Q. In a recent interview on NPR, science fiction author William Gibson said "The first people to embrace a technology are the first to lose the ability to see it objectively." New technologies and social media platforms are now produced so rapidly, and there is always a sense of optimism when introducing them to the public. They are branded as “life-changing”, but only for the good. These technologies have already proven to be life-changing, but there have been negative consequences that it seems weren’t fully addressed before they were released. Do you feel negative or optimistic about new technologies? Does this affect your work in any way?

A. Objectivity is a funny thing to consider in our current relationship with technology. I think that in our everyday experience of the most prominent “new technologies” being digital, portable/ wearable tech, our own subjectivities are linked to how that tech becomes introduced to us, how accessible it is to us to be used as a tool (rather than novelty) and how that tool becomes integrated into our daily routine & how this affects our relationship with others. Although some may claim to consider new technologies in an objective way before engaging with them, through embrace or critique, our individual view of tech is shaped by our social, economic, geographic and political contexts: and inevitably, the technologies which augment our experience of these spheres. That being said, my relationship with tech is complicated. I absolutely buy into new technologies. I own an iPhone X and a slew of Mac products. I use social media apps and Google Maps and G Suite applications that operate on cloud storage. I rely on these devices and apps to produce and disseminate my work as well as for personal use. They have become invaluable to me, as they have for many others, as tools to create and connect. To either embrace or dismiss new tech does a disservice to the ways in which innovation benefits us or grossly overlooks how complacency can rob us of our power, respectively. We are simultaneously dependent and unconvinced of a tool that we use to stay in tune and to locate ourselves in the world. We are unsure of where to place our trust, making us susceptible to that which cloaks itself in a look of neutrality. I’m interested in pushing around the artifacts of such uncertainty and vulnerability in order to produce something which reflects the look and feeling of this strange moment we find ourselves in: fleeting and fractured bits, cobbled together in some weird semblance of “now,” framed by stark white backgrounds and sleek metal alloys.

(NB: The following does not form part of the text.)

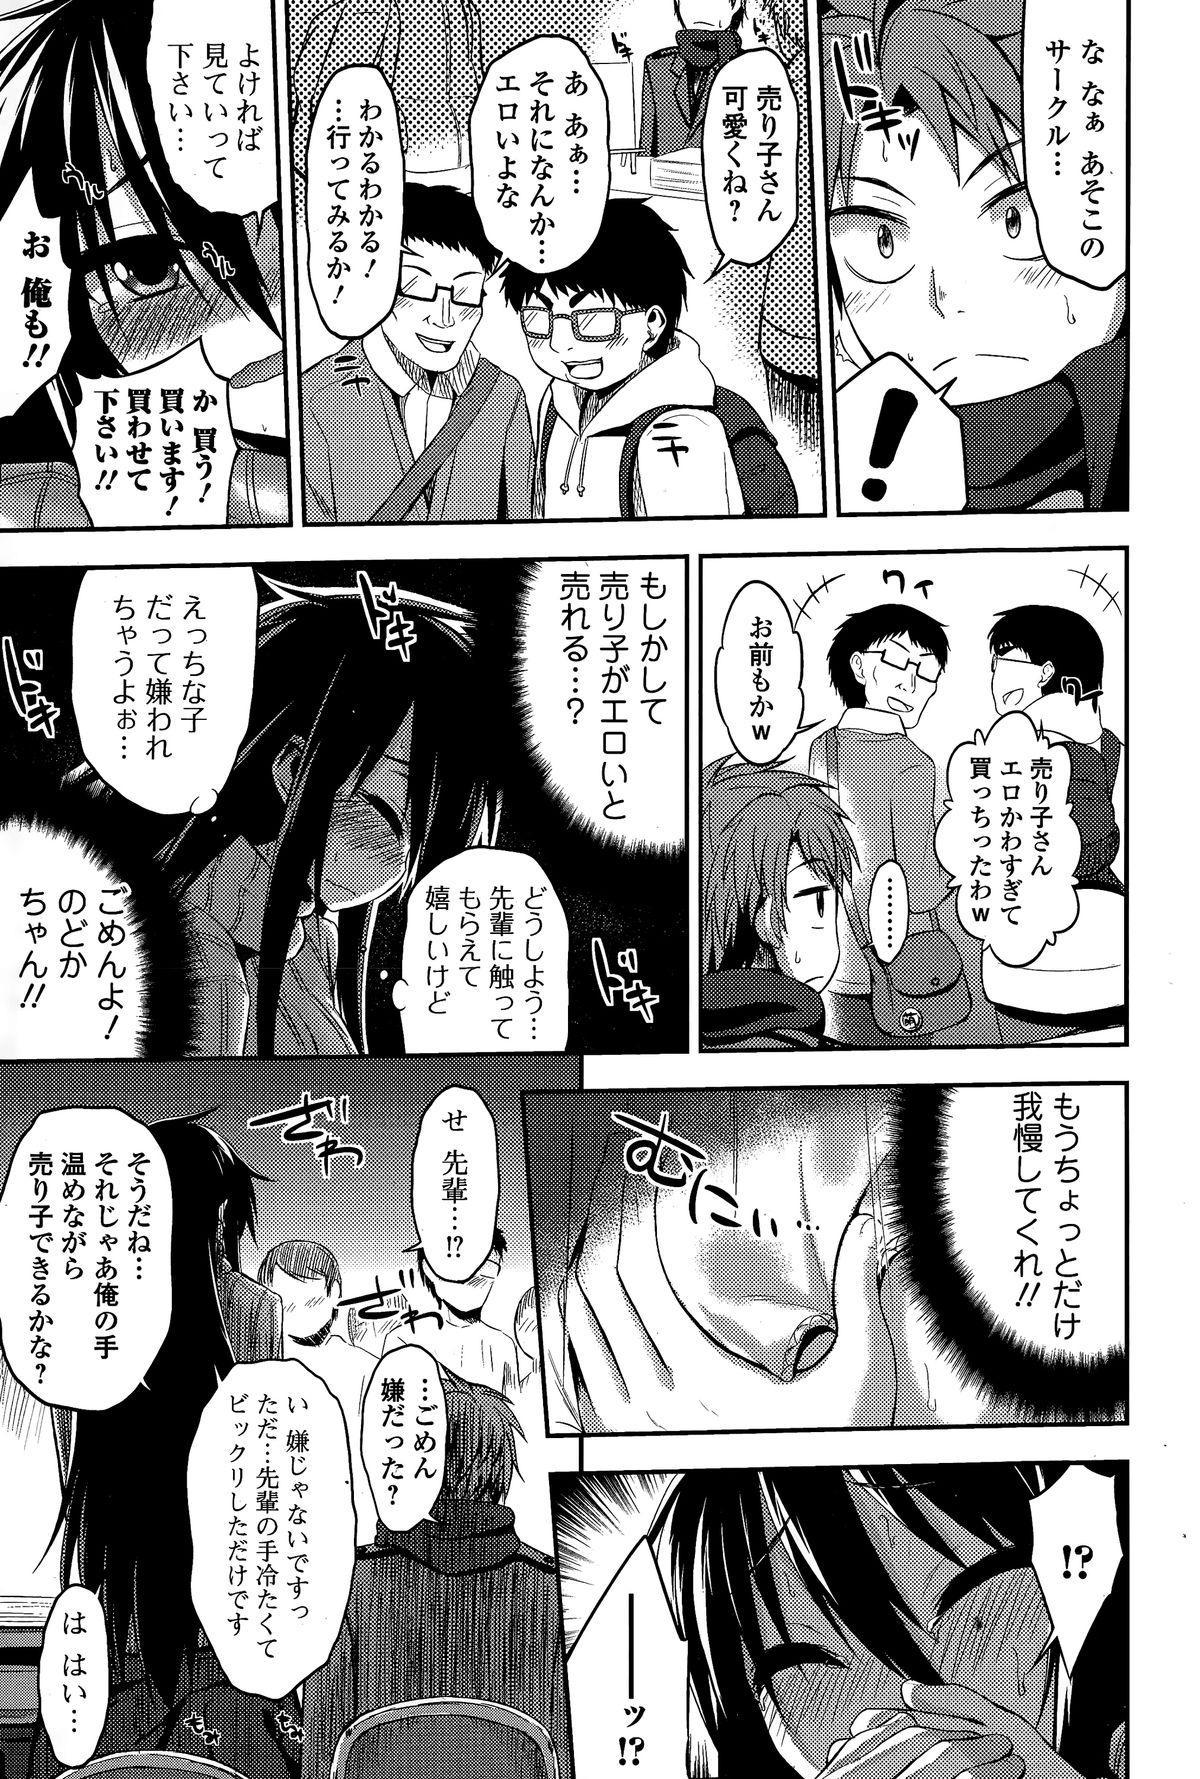 Comic Toutetsu 2015-02 Vol. 3 68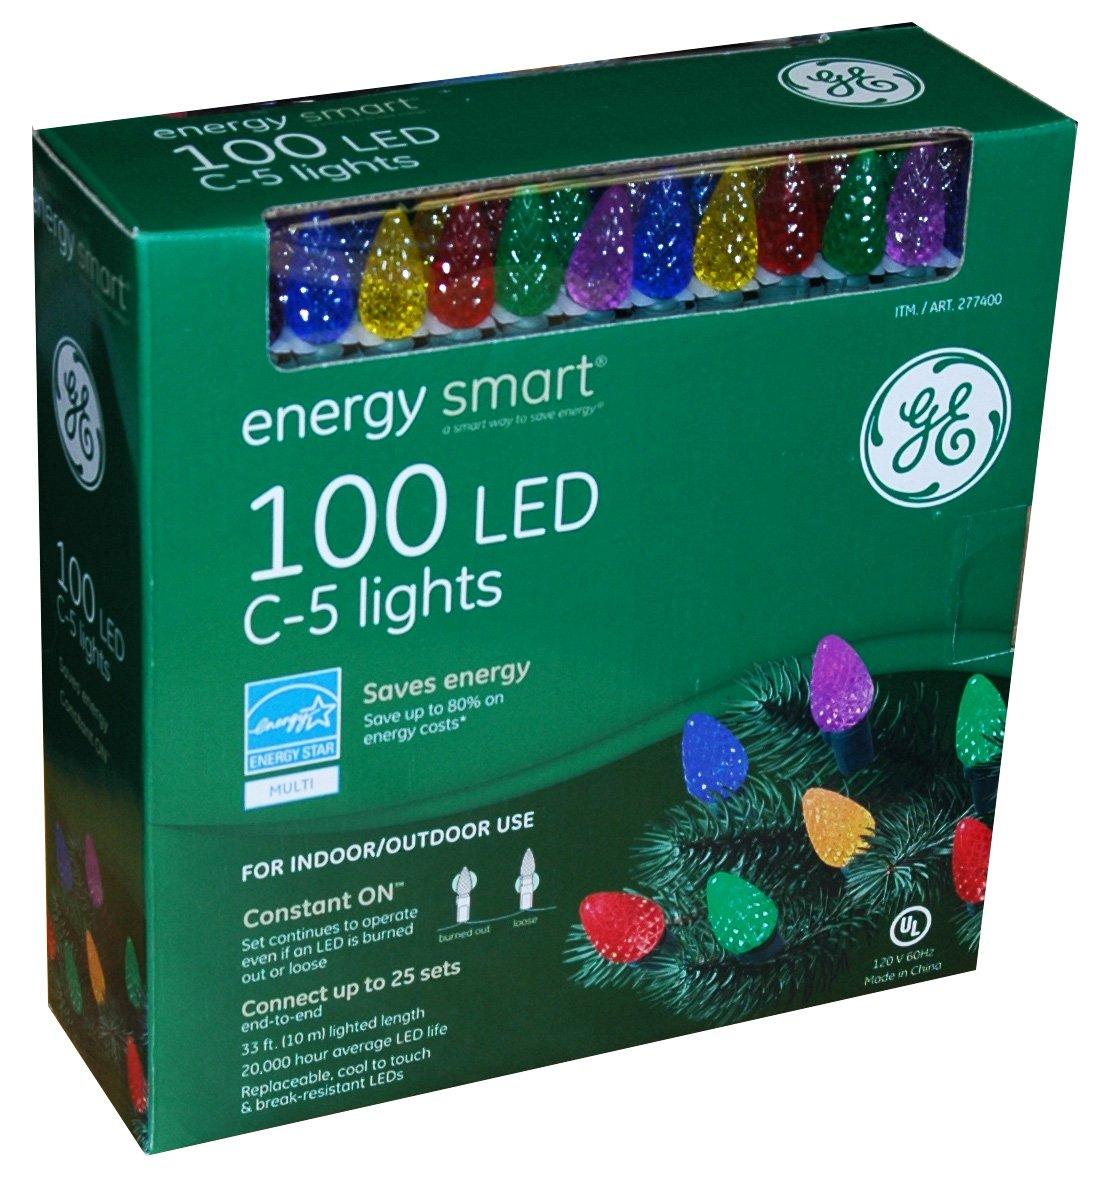 amazoncom 100 led c 5 holiday christmas lights multi color kitchen dining - 100 Led Christmas Lights

Q. What would you say your view of the future is?

A. Buffering…

Q. Do you have any new projects you are working on currently?

A. I’m working with a large archive of photographs I took while driving along the Dakota Access Pipeline last fall. I spent a month on the back roads of the Great Plains, traveling the route of the pipeline and taking photos where the pipeline crossed the road and of the artifacts left behind from the installation: displaced earth, color differentiation in grasses / crops that were planted after construction, gaps in tree lines. I’m interested in the way this region of the country— its landscape, history and socioeconomic structure became abstracted during the protests against its construction that took place in the fall/winter of 2016. I’ll be producing a body of work over the coming months in relation to this experience in addition to presenting/publishing the archive of photographs (in the thousands) in some capacity. Also, I’m moving across town in the next couple days. That’s a project in itself.